Michele rushed in smiling, pearls blue tailored suit and short brown hair. “Allez-y,” she said spreading charts of the Préfecture’s organziation and chain of command across her desk. For twenty minutes, all in French between phone calls, she explained the system Napoleon devised to organize the different branches of the police and judicial system. As far as I could tell, they still couldn’t gang up on
Napoleon or Chirac to oust either one.
“Now we go to lunch,” she said. That much I understood perfectly.
We left the Brigade, met her husband outside 36 quai des Orfévres as he parked his motorcyle. Jean-Claude, tall and with his helmet under his arm, spoke wonderful English having studied software in Chicago. We crossed the Pont Saint Michel and into St. Germain.
On narrow rue de la Harpe we entered a small coved door and descended stairs to a vaulted medieval cellar, the flic’s luncheon hangout. Buzzing and lit by flickering tapers in glass jam jars.

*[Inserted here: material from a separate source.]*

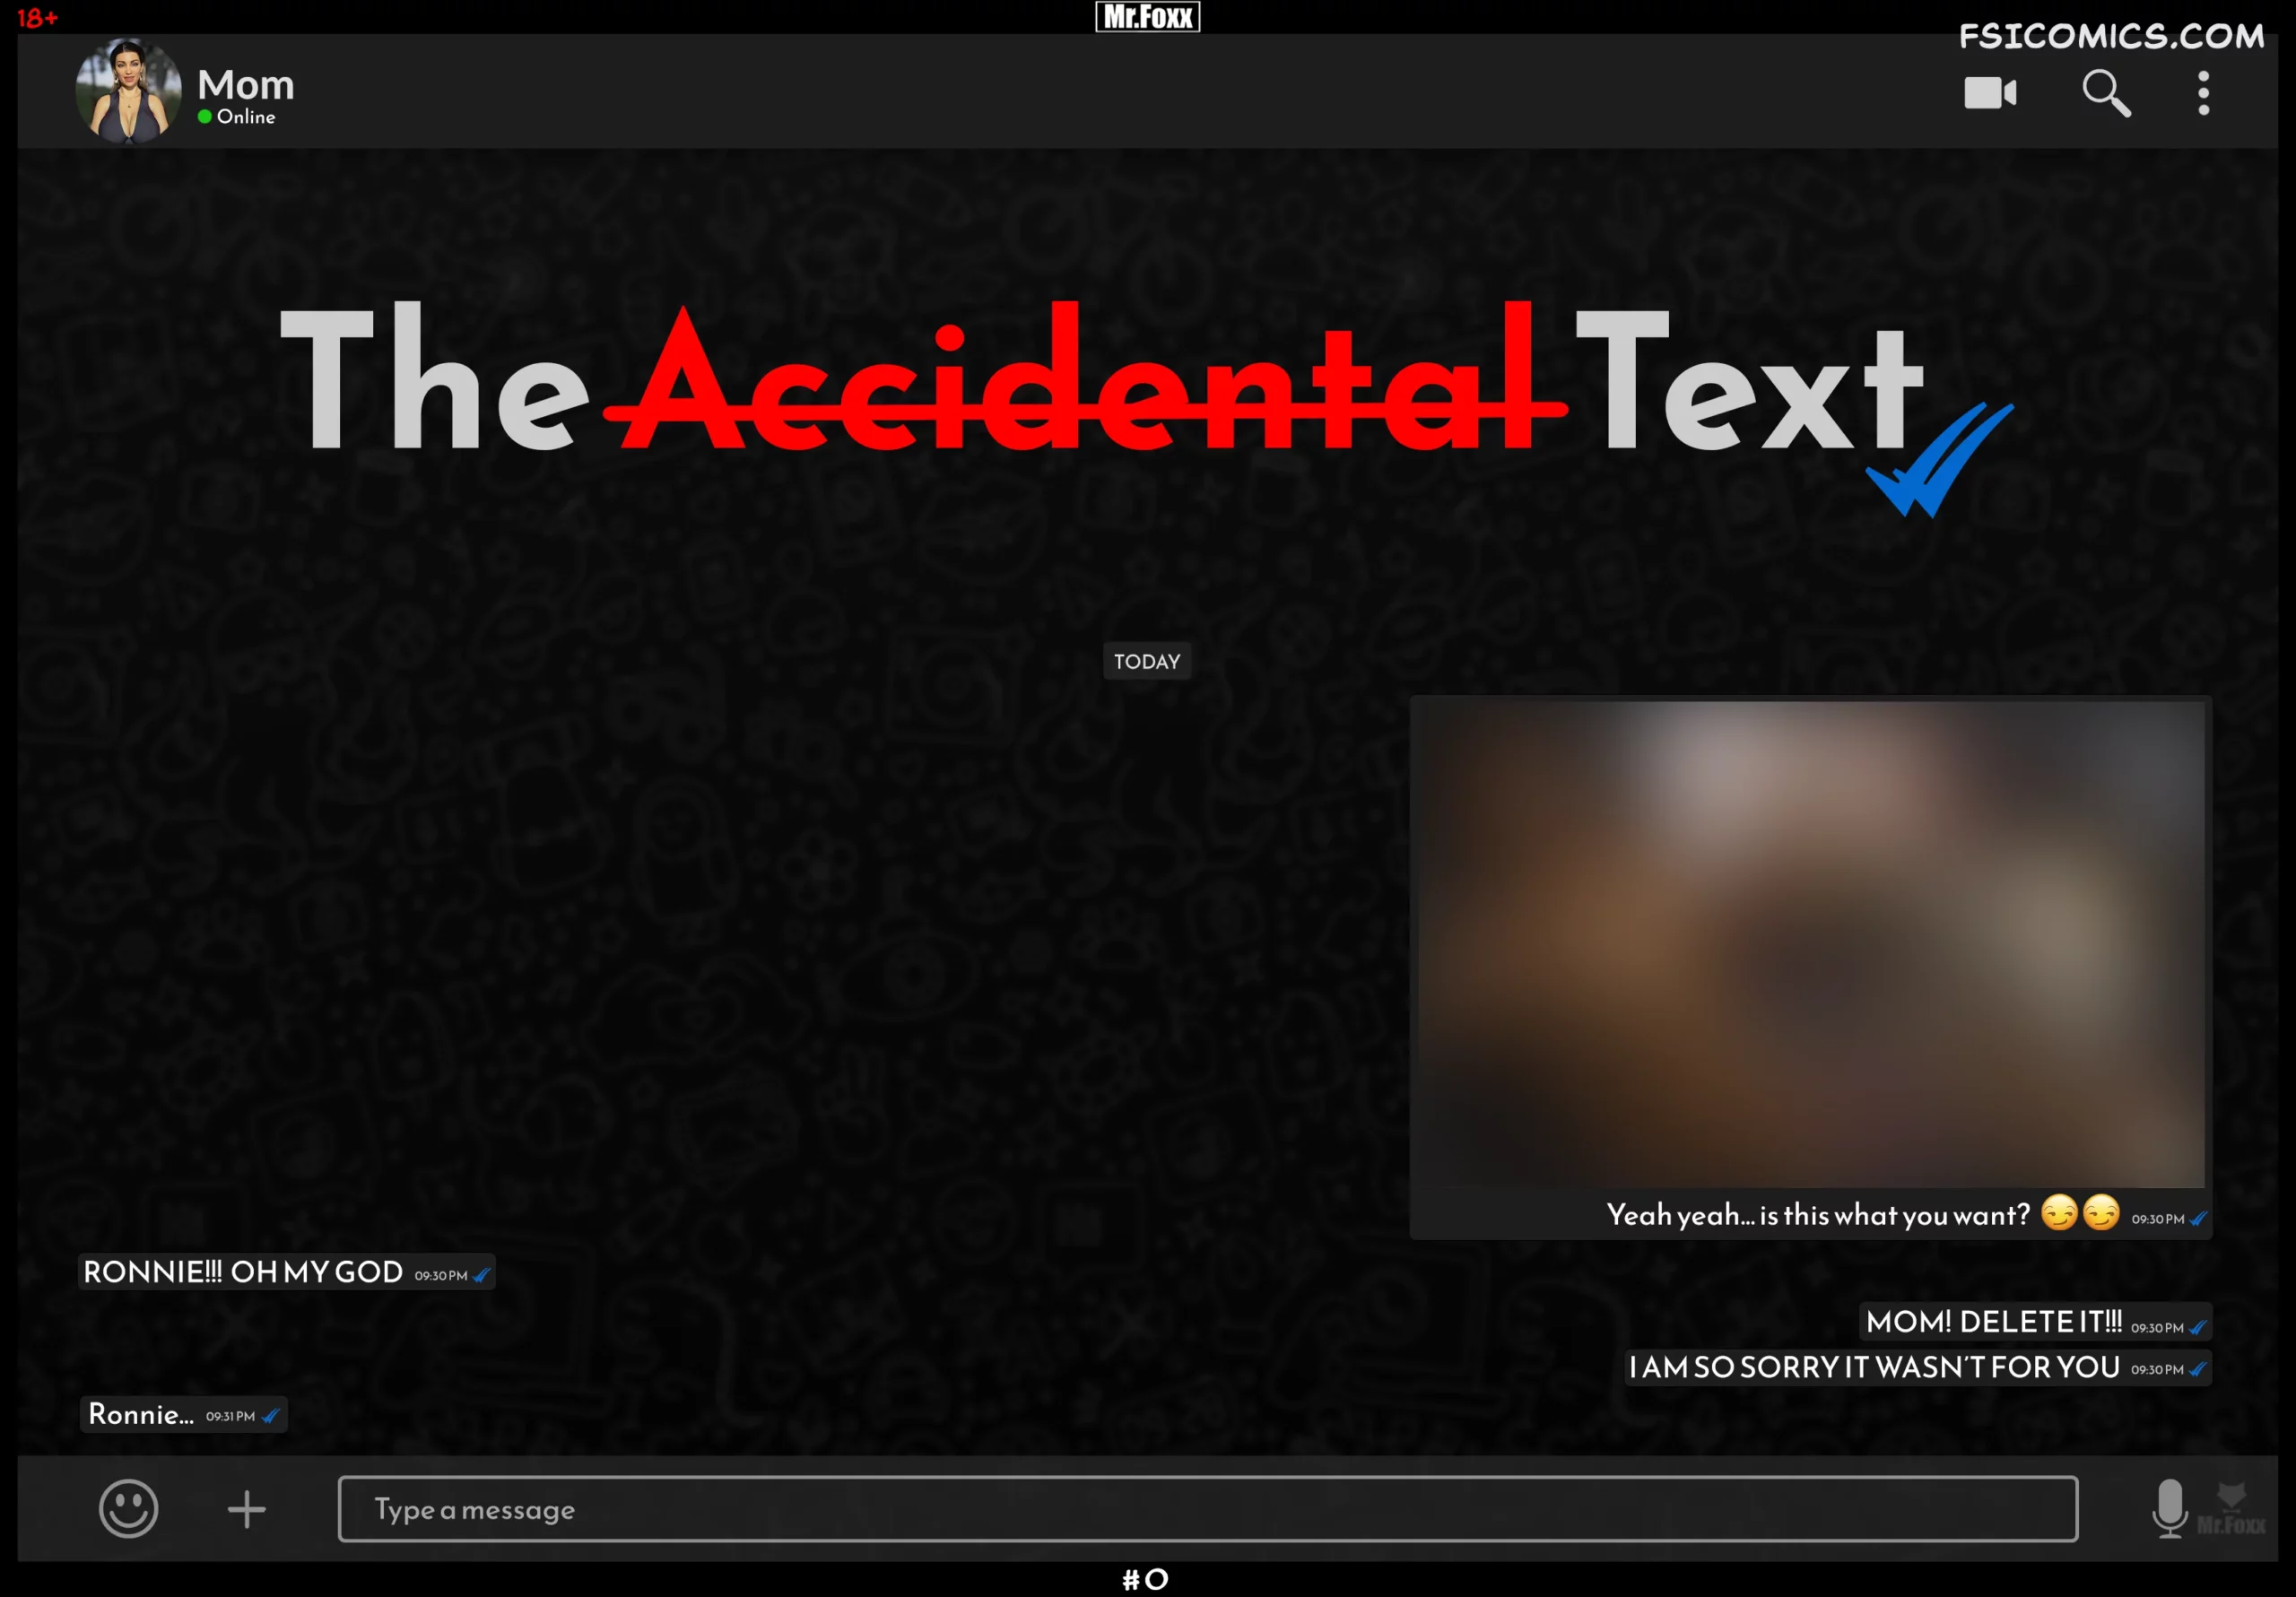 The Accidental Text - Mr.FOXX - 153 - FSIComics

“Bonjour Michele,” said the beaming woman/owner, “your table’s waiting.”
We sat against the stone wall and Jean-Claude clarified some of the police organizations as we clicked our glasses of rosé. “Santé.”
The menu listed the ‘flics special’. Michele nodded and ordered for us. The long banquette tables were filled with plainclothes flics hunched in conversation and laughter. A half-Asian man all in black entered, kissed Michele on both cheeks and huddled with her for an intense conversation.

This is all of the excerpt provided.